If the number generator is truly random, the probability of it choosing a particular number for Adam is 1/10 and for Bethany 1/100, but this is different than stating:
"The probability of Adam guessing the correct outcome is 1/10, whereas it’s 1/100 for Bethany".
Why? Because there might be any number of factors which make it more likely that Adam and Bethany will choose a particular number over others.

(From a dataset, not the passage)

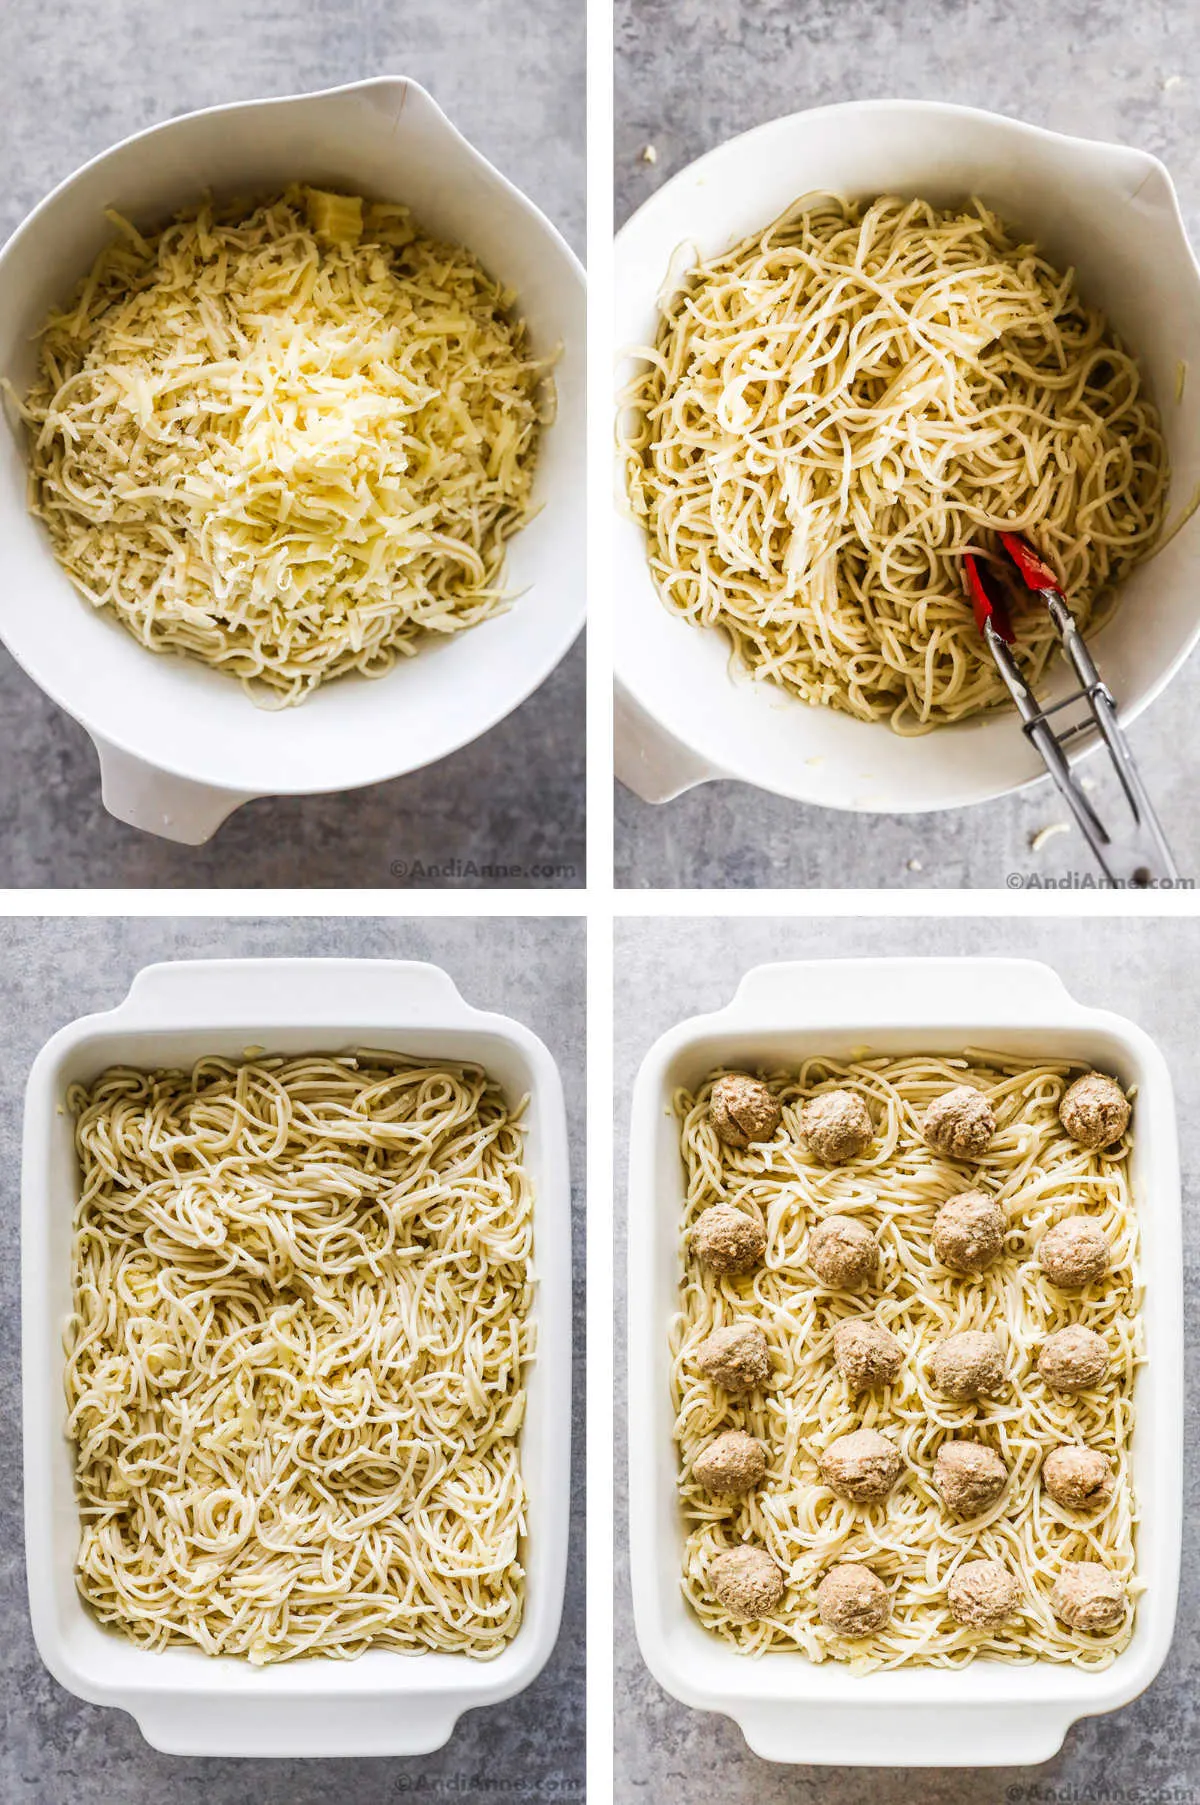 Four overhead images in one: 1. Spaghetti in white bowl with chees on top. 2. Spaghetti and cheese mixed in white bowl with tongs inside. 3. Mixed cheese and spaghetti in white casserole dish. 4. Meatballs added to casserole dish, on top of spaghetti. 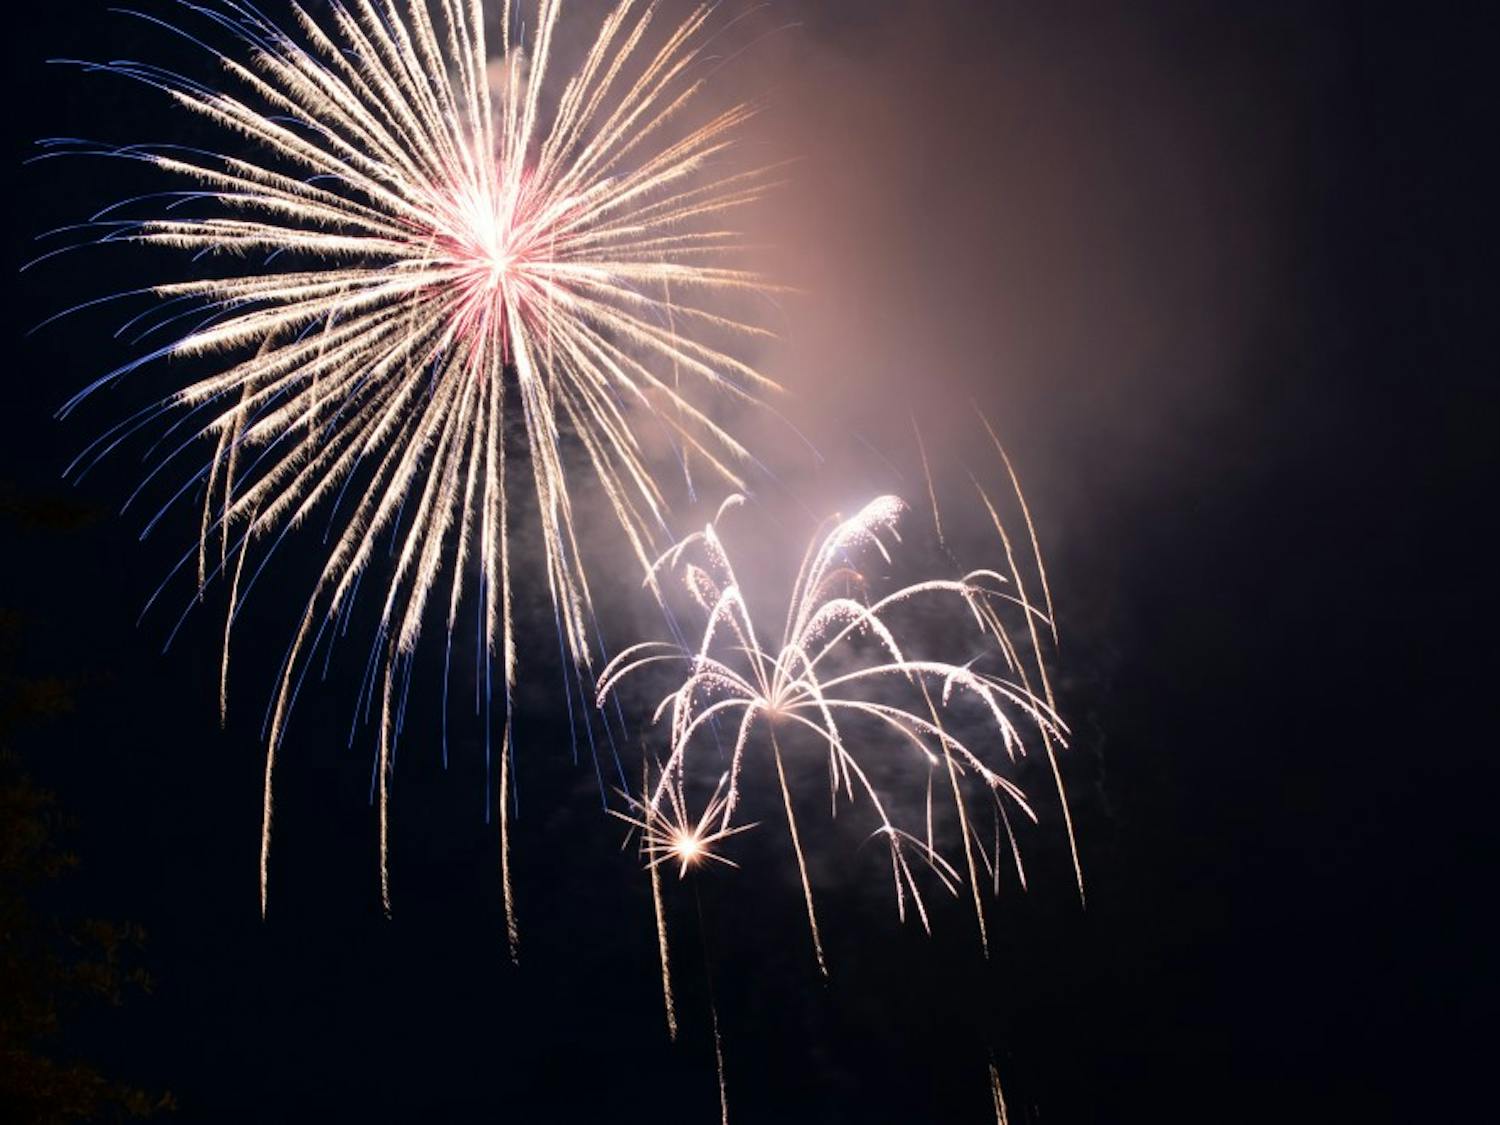 Fireworks lit up the early evening sky at the 2019 Town of Chapel Hill's Fourth of July celebration hosted at Southern Village.&nbsp;

For example, perhaps Adam heard a particular number repeated on the radio earlier that day, or perhaps Bethany's favourite number is 27. This in turn impacts the odds that they will choose other numbers, although we are often unaware of such biases when arriving at probabilities.
It is important though to realise that we use probabilities most often to make predictions about the future, and that we shouldn't confuse the conclusions we draw about those probabilities with the notion that these probabilities actually exist.
When an event happens, we have no way of knowing for certain that it could ever have happened otherwise. All we have to go on is a sample size of 1. You might postulate the odds of a 47 year-old, chain-smoking, alcoholic habitual drunk driver dying on any given day to be about 1/18,647,236, but if that person actually dies, there's nothing we know about probabilities that suggests they could have died at any other time. (Some might argue the unpredictability of quantum processes might be an exception to this idea. I don't know enough about quantum mechanics to make a confident statement either way. Someone else might clarify).
As for:
"Something about this seems to create the implication that it’s “harder” for nature to create the first event instead of the second".
A number being chosen at random (if a random number machine is truly possible), upon being 'asked' to do so is inevitable (barring malfunction/interference). The 1/100 generator may have to do more 'work' at some level in order to select a number (if, for example, it works via a digital 'shuffling' of the numbers prior to selection), but I don't think this is what you're referring to. The 'event' would still, as far as we can determine, have been inevitable; perhaps a part of a causal chain of prior events. From this perspective, comparing the probabilities of events that have occurred might be deemed either easy (if you assert that all events have a probability of 1), or impossible (if we admit we can't know if randomness truly played a part).